Video instructions for the installation of frame houses
These are three videos of great carpenter Larry Hon. Each of them is over an hour long. The technology for building a frame house on a finished foundation is described in great detail.
According to this instruction, self-erection is possible without questions: all stages of the construction of a frame house and little things are commented and explained, down to which nails, how long, how many pieces with what step, to hammer in each node. Demonstrates the main problems that may arise and methods of fixing them. If you decide to build a frame house with your own hands, take the time - watch the movie. Much will become clearer to you.
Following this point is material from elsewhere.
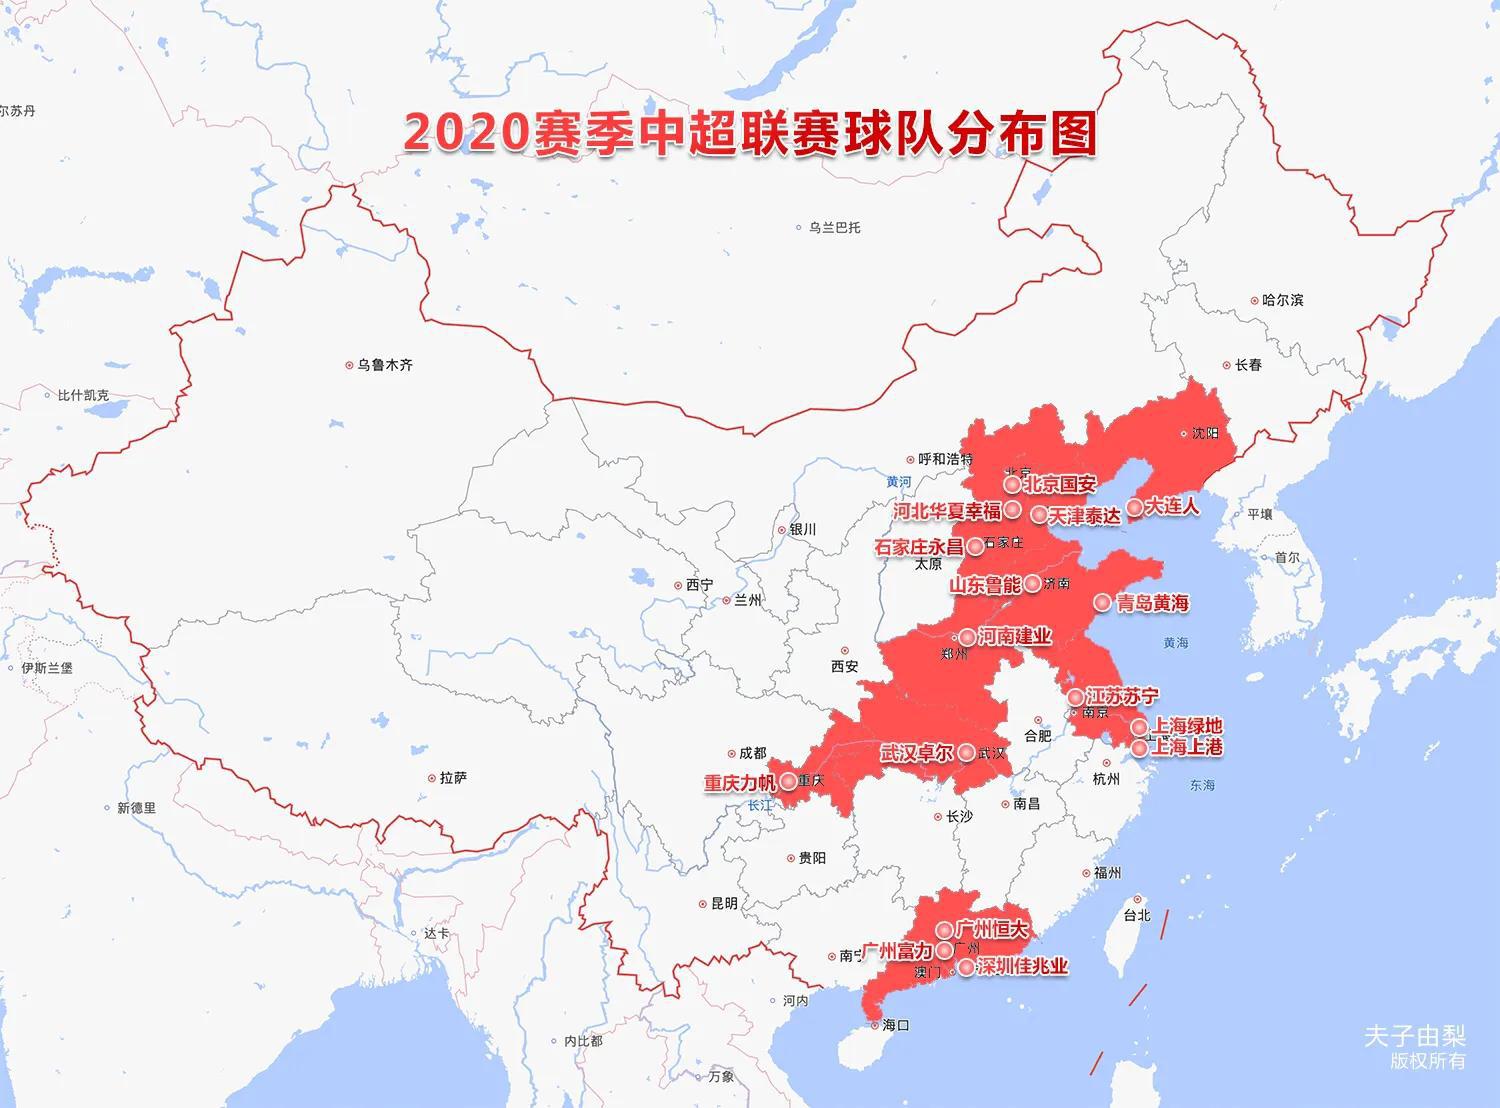 中超俱乐部分布 2020中超球队分布图(1)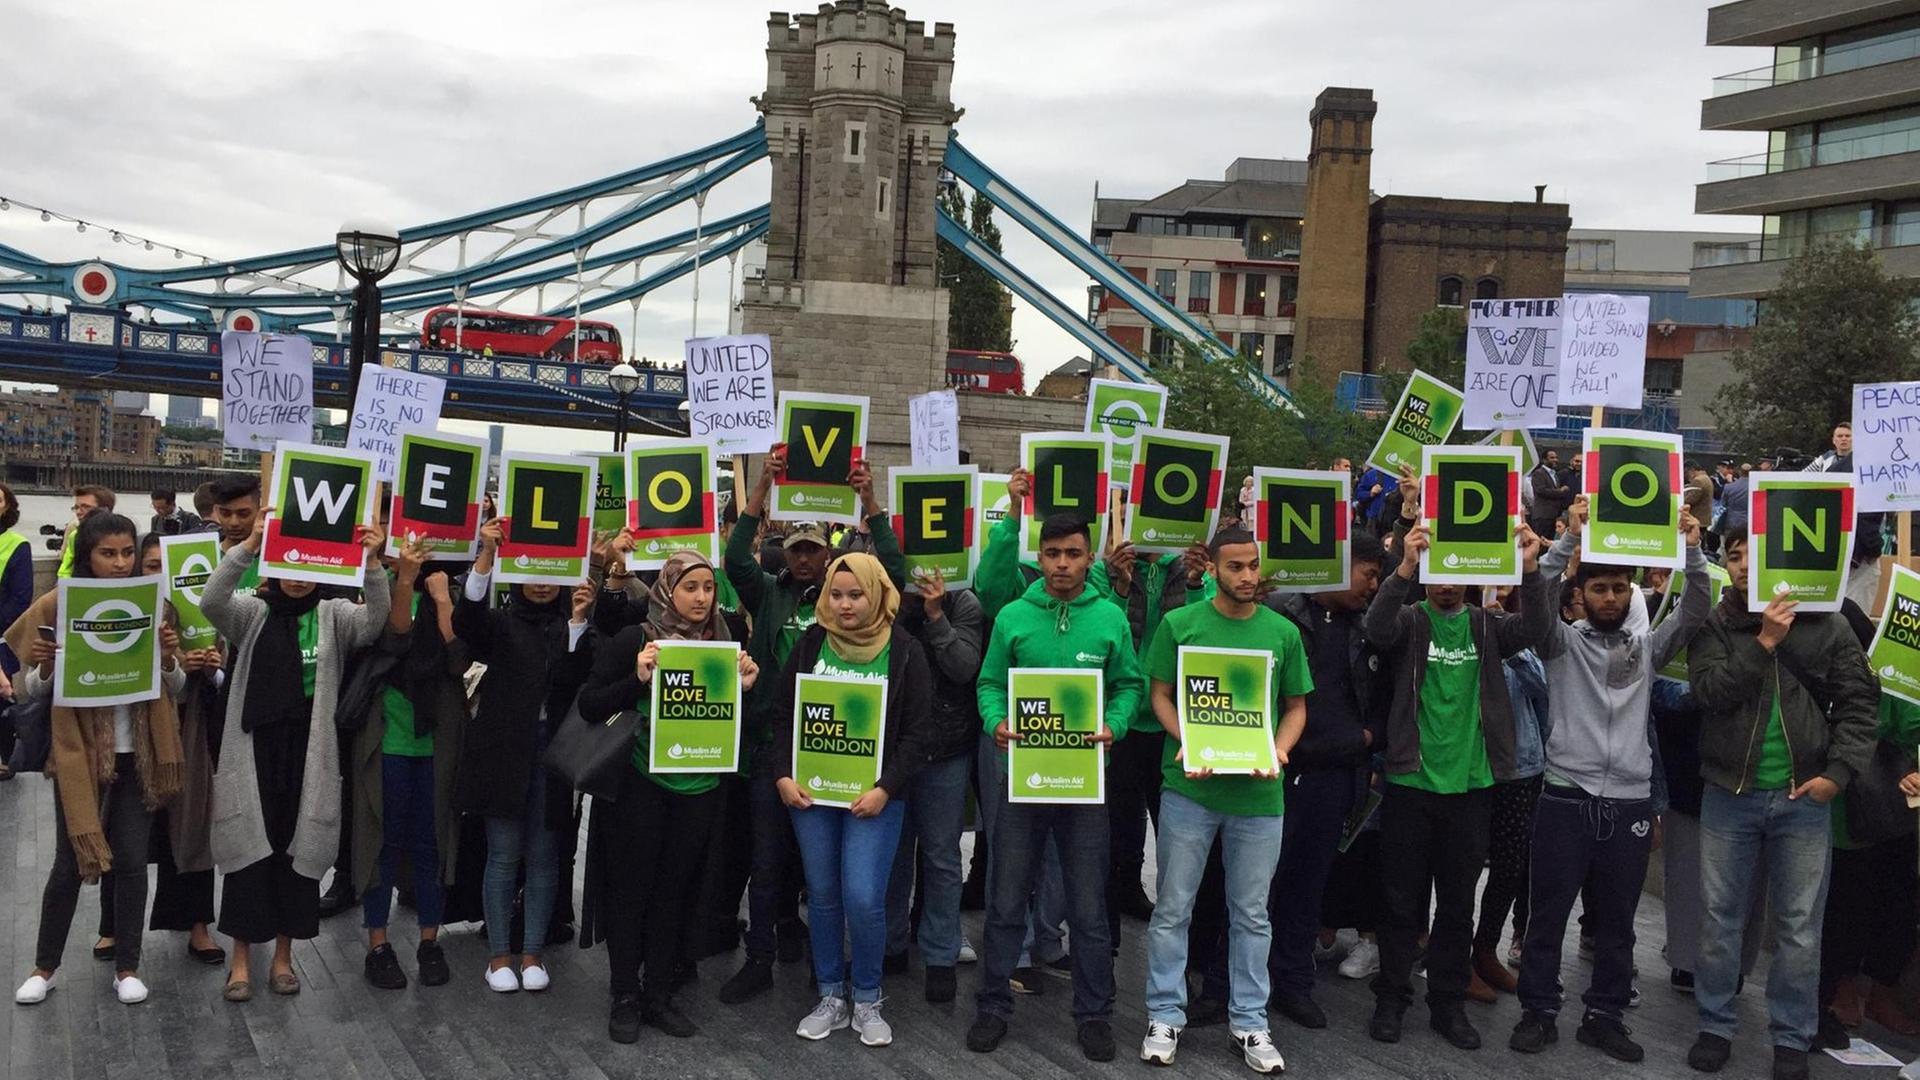 Menschen stehen vor der London Bridge und halten Schilder mit "We love London" in die Höhe.

The first part is the bottom rail and the floor.
The second part of the video is the device and assembly of frame walls.
The third part is building the roof of a frame house.
If you still doubt whether it is worth building a frame house, this is probably because you heard that this is a bad technology, that it does not work for us. There is such an opinion. But it is based on the fact that in Canadian and American frame houses they are placed from dry forest, humidity. no more than 20-22%. In our conditions, timber of almost natural moisture is brought from sawmills, and this is up to 60%. Because the house leads and turns, they become cold.
But if you are going to build a house with your own hands, what will prevent you from using dry wood? It is expensive for chamber drying, the difference per cube turns out to be very decent - almost twice. But by folding the wood on the site in ventilated piles, it can be dried up to the same 20-22% in a year. You decide whether or not to saturate with biosecurity before drying. Dry wood does not rot and is not damaged by fungi, but it is advisable to impregnate it with bioprotection from insects.
An example of this opinion is in the video. With an explanation of why the technology is bad ...
An interesting article I read it with pleasure. The foundation of the house is piled with a grillage, we did something like that. The piles were driven into the depth of freezing, the house is stable.